(Information provided)

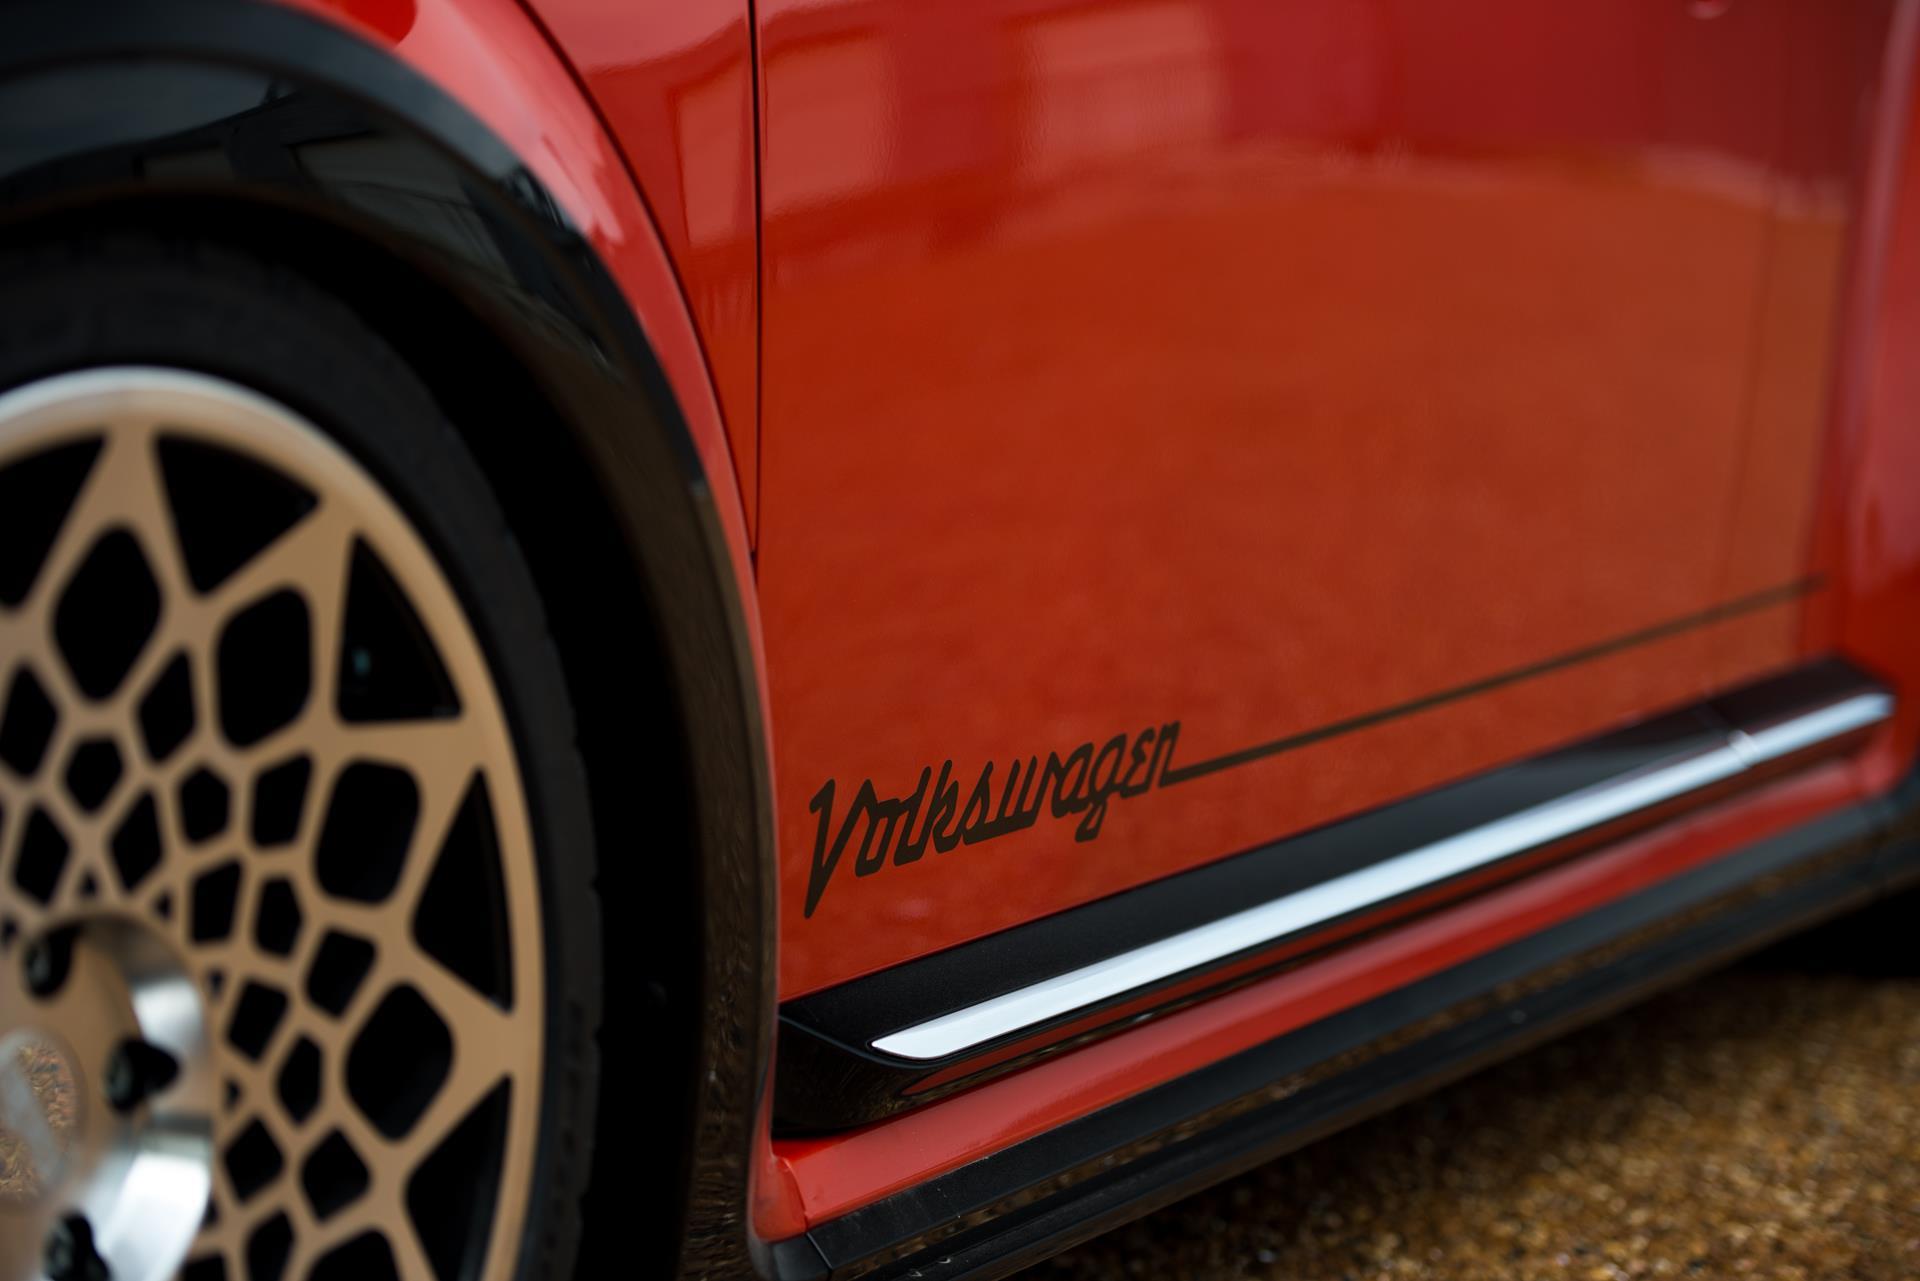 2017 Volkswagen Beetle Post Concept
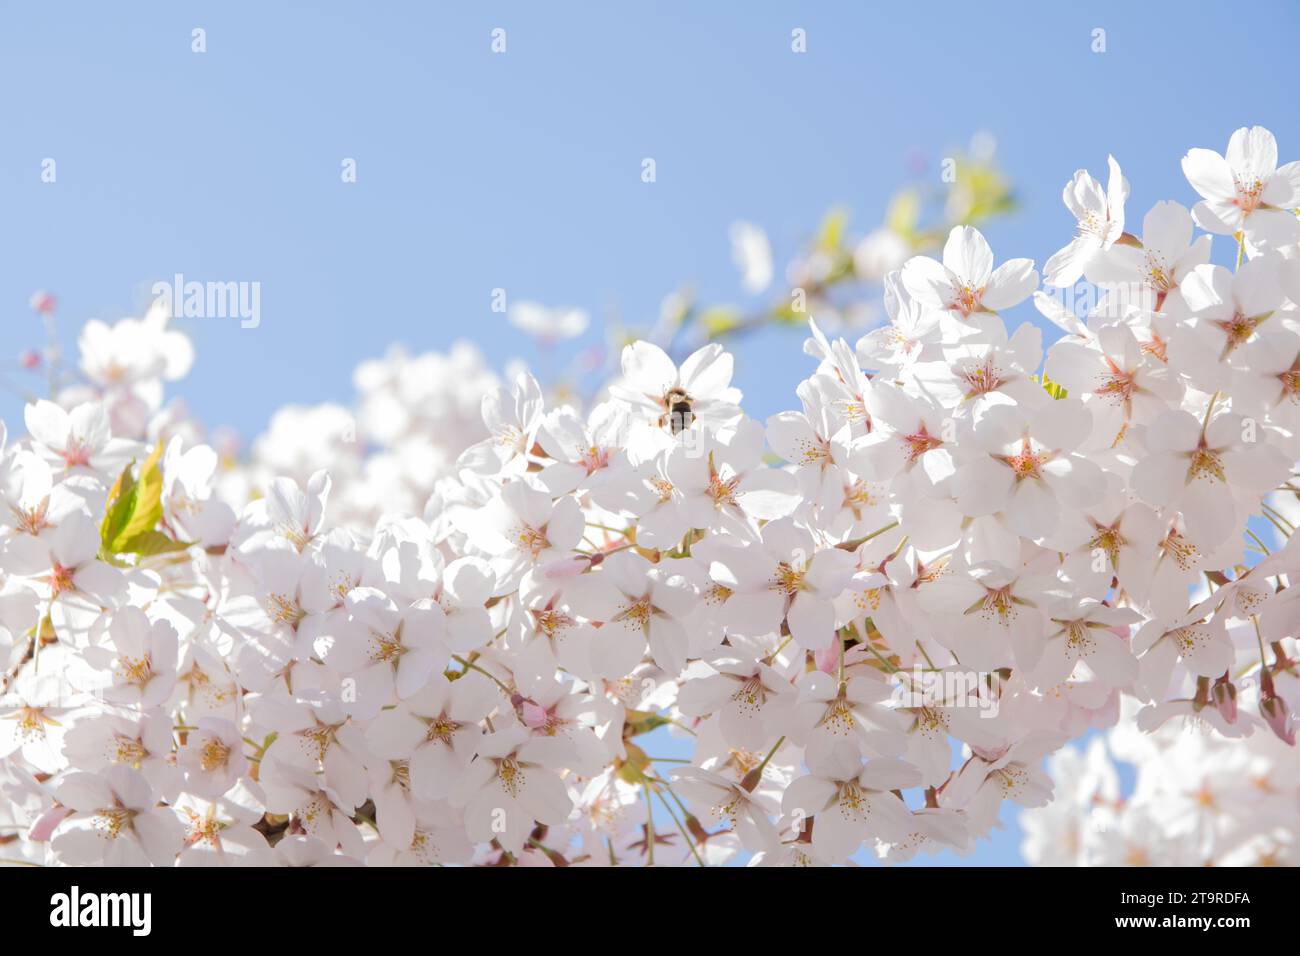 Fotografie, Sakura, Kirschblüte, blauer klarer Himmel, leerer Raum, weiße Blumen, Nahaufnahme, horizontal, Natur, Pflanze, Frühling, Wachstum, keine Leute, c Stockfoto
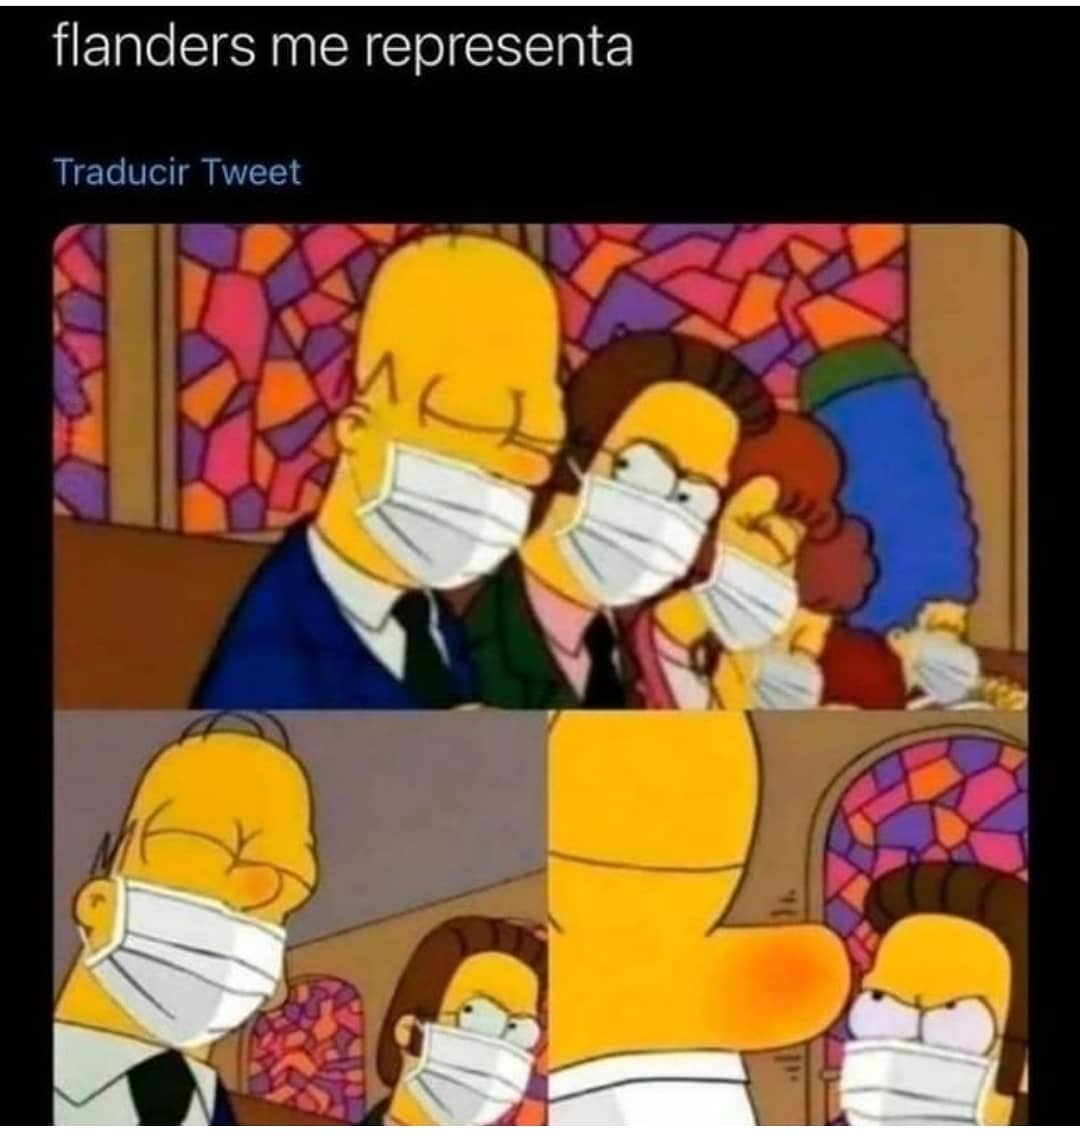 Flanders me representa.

(End Information provided)

Problem to work on:
Without the pictures, repeat the listing exactly as it reads.

Answer box:
 2017 Volkswagen Beetle Post Concept
 Fotografie, Sakura, Kirschblüte, blauer klarer Himmel, leerer Raum, weiße Blumen, Nahaufnahme, horizontal, Natur, Pflanze, Frühling, Wachstum, keine Leute, c Stockfoto
 Flanders me representa.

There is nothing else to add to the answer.